KSK Olimp Stadium
- Interactive map of KSK Olimp Stadium
- Location: Budivelnykiv Avenue, 30 Oleksandriia, Ukraine
- Coordinates: 48°39′52.9″N 33°04′06.8″E﻿ / ﻿48.664694°N 33.068556°E
- Capacity: 2,640
- Field size: 105 m × 68 m (344 ft × 223 ft)

Construction
- Opened: 25 May 1991; 35 years ago

Tenants
- Oleksandriya-2 (2024–present) Oleksandriya junior squads and Academy

= Olimp Stadium =

Stadium in Oleksandriia, Ukraine

Olimp Stadium (стадіон КСК "Олімп") is a football stadium in Oleksandriia, Ukraine. It is the home stadium of Oleksandriya-2 who play in the Ukrainian Second League.

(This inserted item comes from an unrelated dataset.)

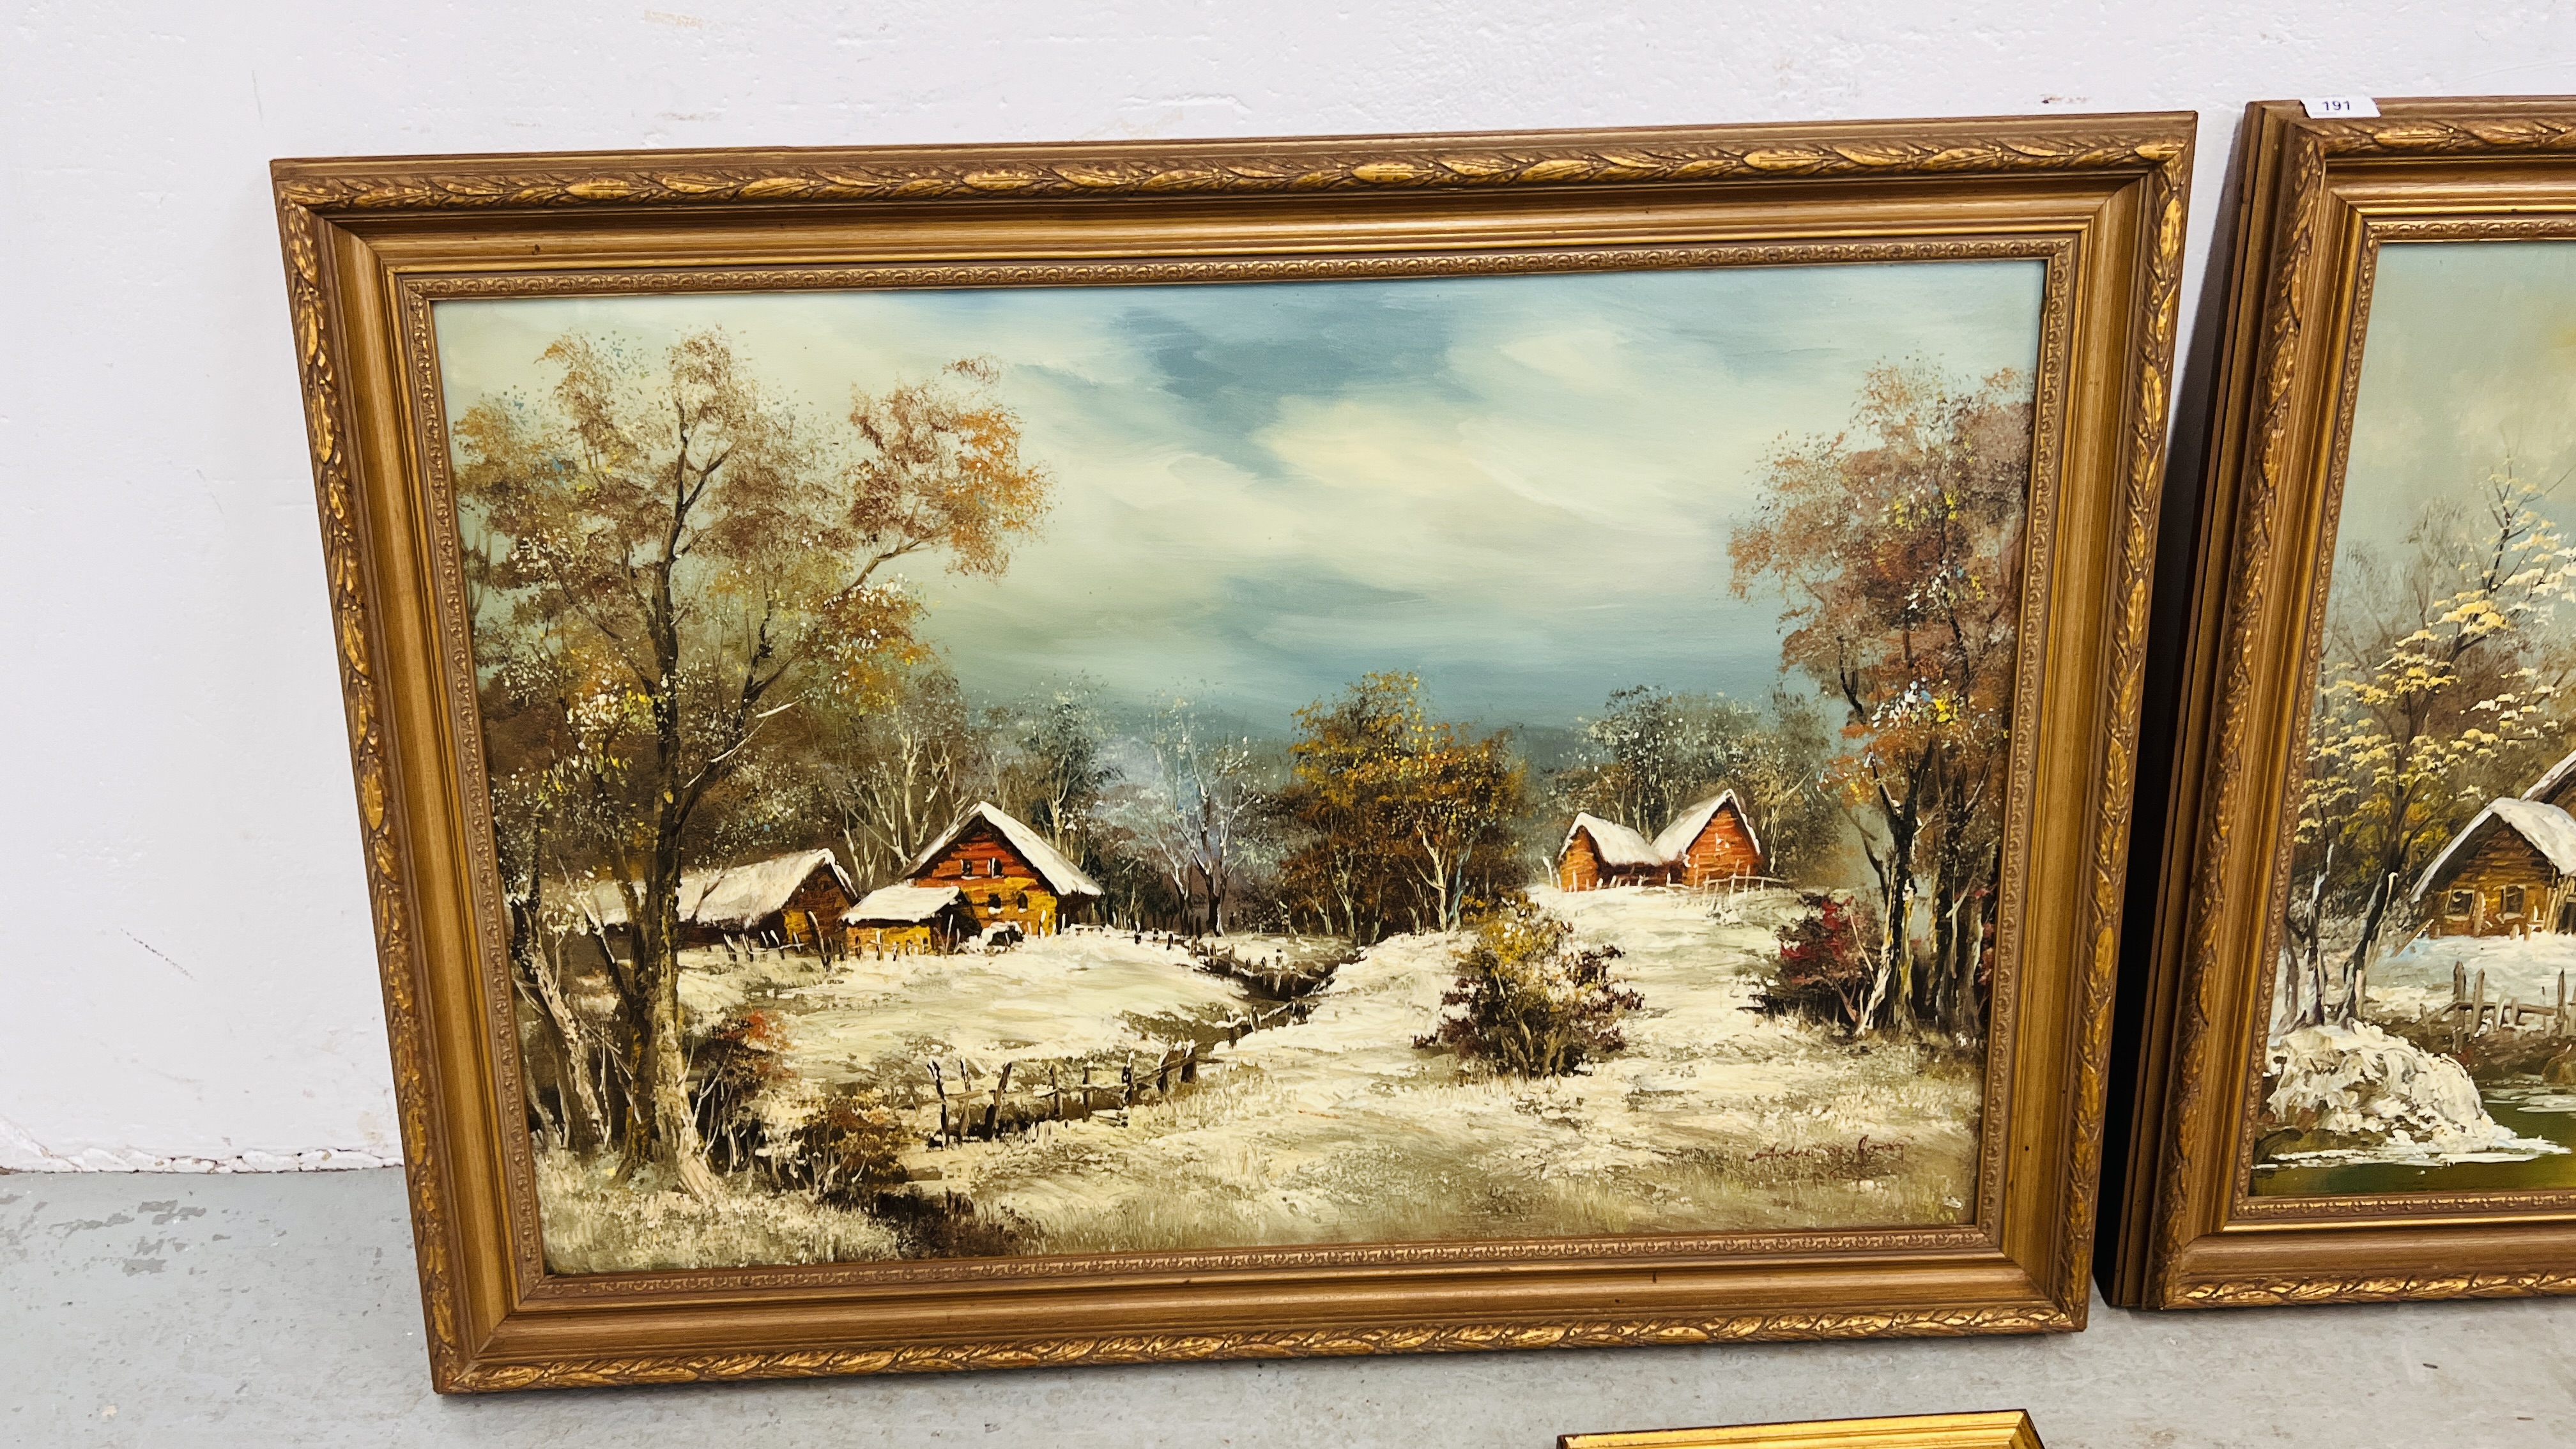 A PAIR OF GILT FRAMED OIL ON CANVAS PICTURES DEPICTING COTTAGES IN A SNOWY LANDSCAPE W 105. - Image 9 of 9
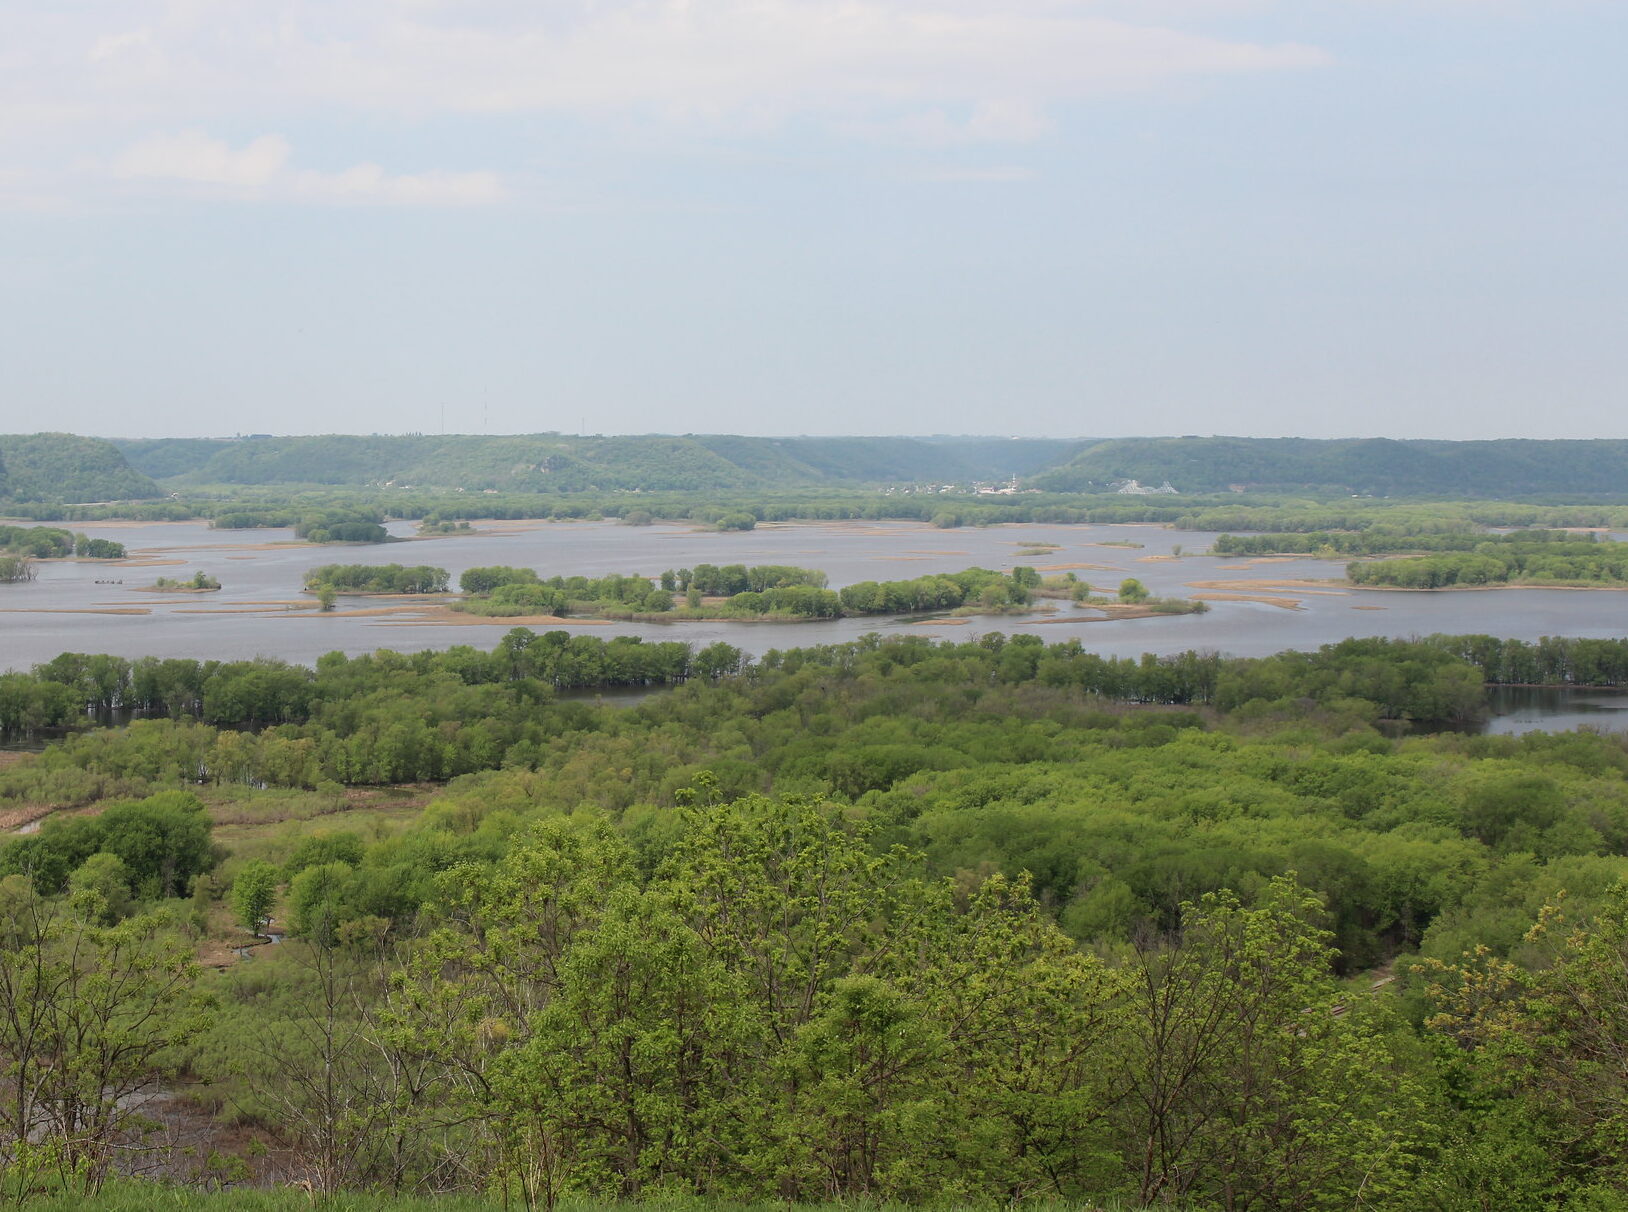 Rush Creek State Natural Area, overlooking the Mississippi River, on a NRF Field Trip. Photo: Caitlin Williamson

The cultural and sports complex Olimp was opened on 25 May 1991. It is located in Peremoha district of the city. Stadium has a covered stand, VIP area, press-box, covered futsal field with artificial turf, small gym and other facilities. It is a Ukrainian Association of Football Category 1 stadium. Oleksandriya-2 will play its home matches in the stadium starting in the 2024–25 season.